Penses-tu également apporter de ton côté de l’inspiration aux skieurs et snowboardeurs avec les démos de Flat que tu fais ? 

J’espère, il faudra leur demander. Mais je le pense parce qu’à chaque fois qu’on a des discussions, on se renseigne beaucoup sur la façon dont les autres pratiquent leur sport et on apprend beaucoup des athlètes sur un événement créatif comme ça. Et puis finalement, on est tous des sports d’actions, on se rassemble tous dans la culture et la pratique, c’est ça le plus important. 

Parmi l’énorme line up de cette année, y’a-t-il une personne qui t’inspire particulièrement cette année ? 

Sur des modules aussi gros et aussi dangereux, je trouve ça incroyable que les femmes continuent à repousser les limites encore plus à chaque fois. Il y a le record du monde en snowboard en hauteur qui a été battu, je trouve ça fou. Et même, je trouve que cette évolution elle est partout, aussi en vélo, en skate, en surf, partout … Le niveau féminin est de plus en plus comparable au très haut niveau masculin et je trouve ça super cool. 

Photo : Andy Parant / Red Bull Content Pool

Tu viens souvent faire du contenu en montagne, pourquoi ? As-tu un lien particulier avec la montagne ? 

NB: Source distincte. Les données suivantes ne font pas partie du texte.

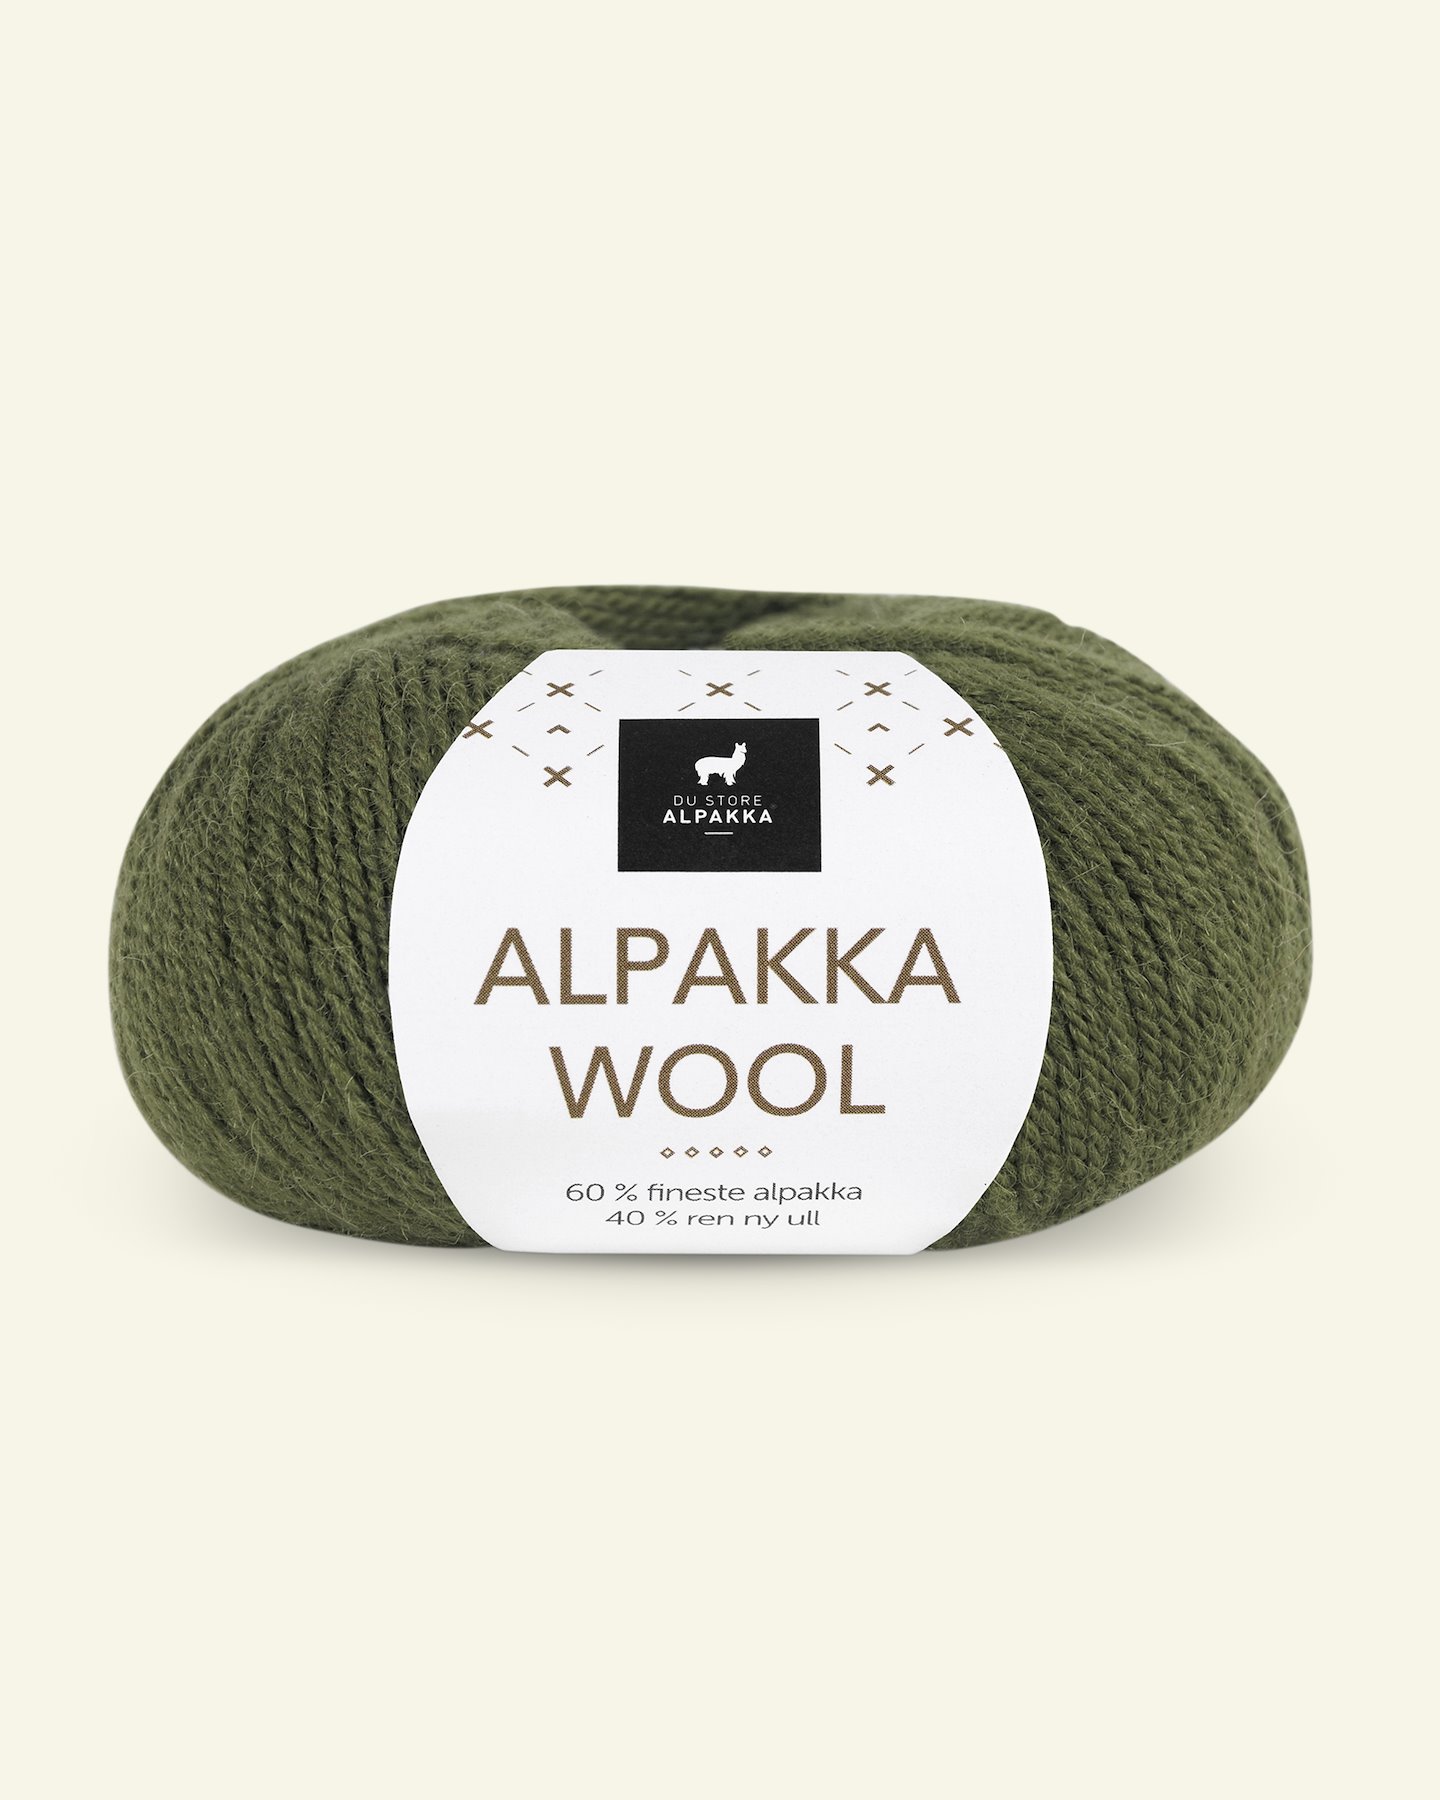 Du Store Alpakka, Alpakka ullgarn "Alpakka Wool", oliven (522) 90000557_pack
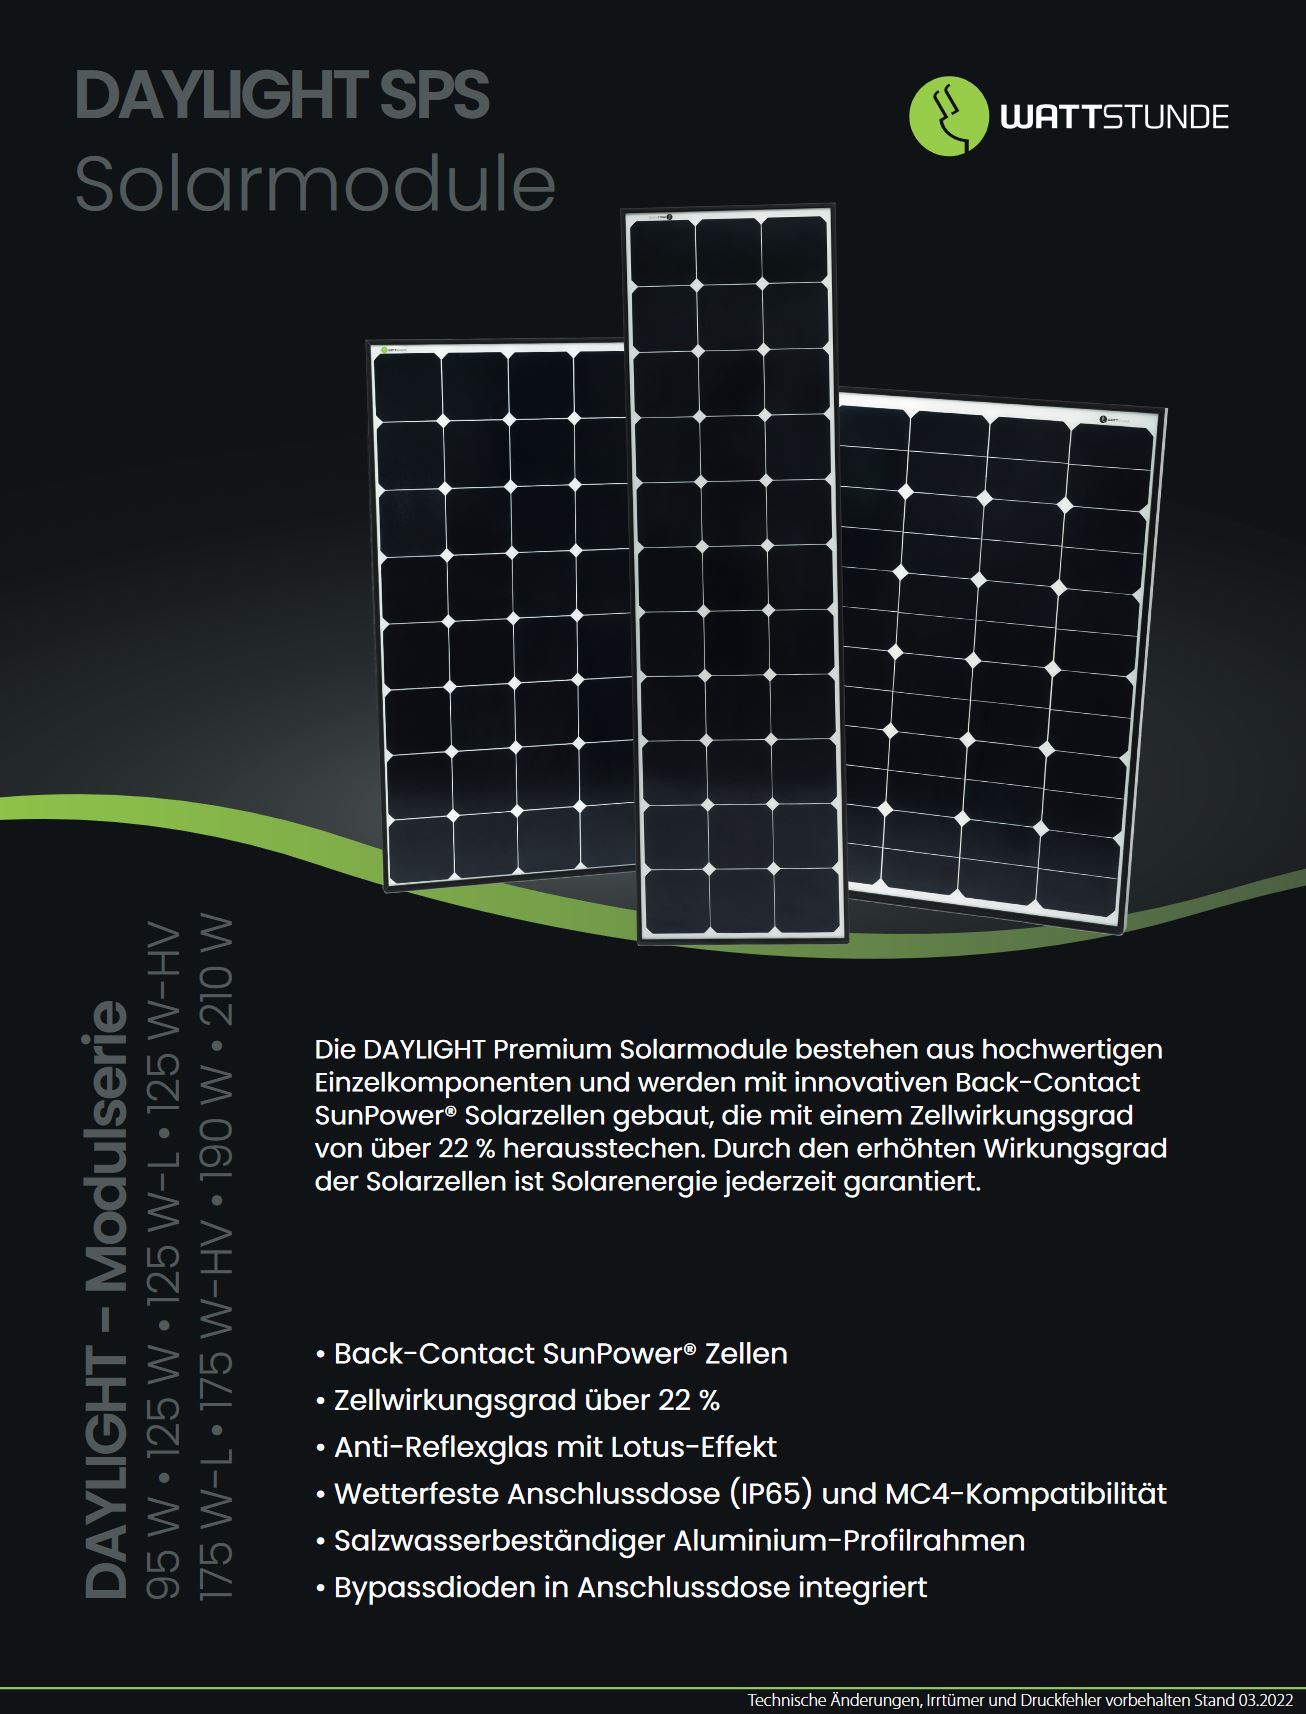 WATTSTUNDE : WATTSTUNDE® WS125SPS-L DAYLIGHT Sunpower Solarmodul 125Wp

Il y a un truc que je trouve magique avec la montagne, c’est qu’il y a un contraste qu’on ne retrouve nulle part ailleurs. Le blanc de la neige qui contraste avec le ciel bleu, combiné avec l’une des plus belles lumières au monde, ça permet de faire de super belles images. Et puis ça me permet aussi de toujours faire des images décalées, parce que ce n’est pas un endroit où on m’attend. 

Vas-tu continuer à faire des projets créatifs comme celui-ci plus tard ? 

Clairement, c’est l’idée. J’arrête un petit peu les compétitions officielles en gardant en tête mes projets d’images, pour avoir plus de temps à consacrer à ma créativité.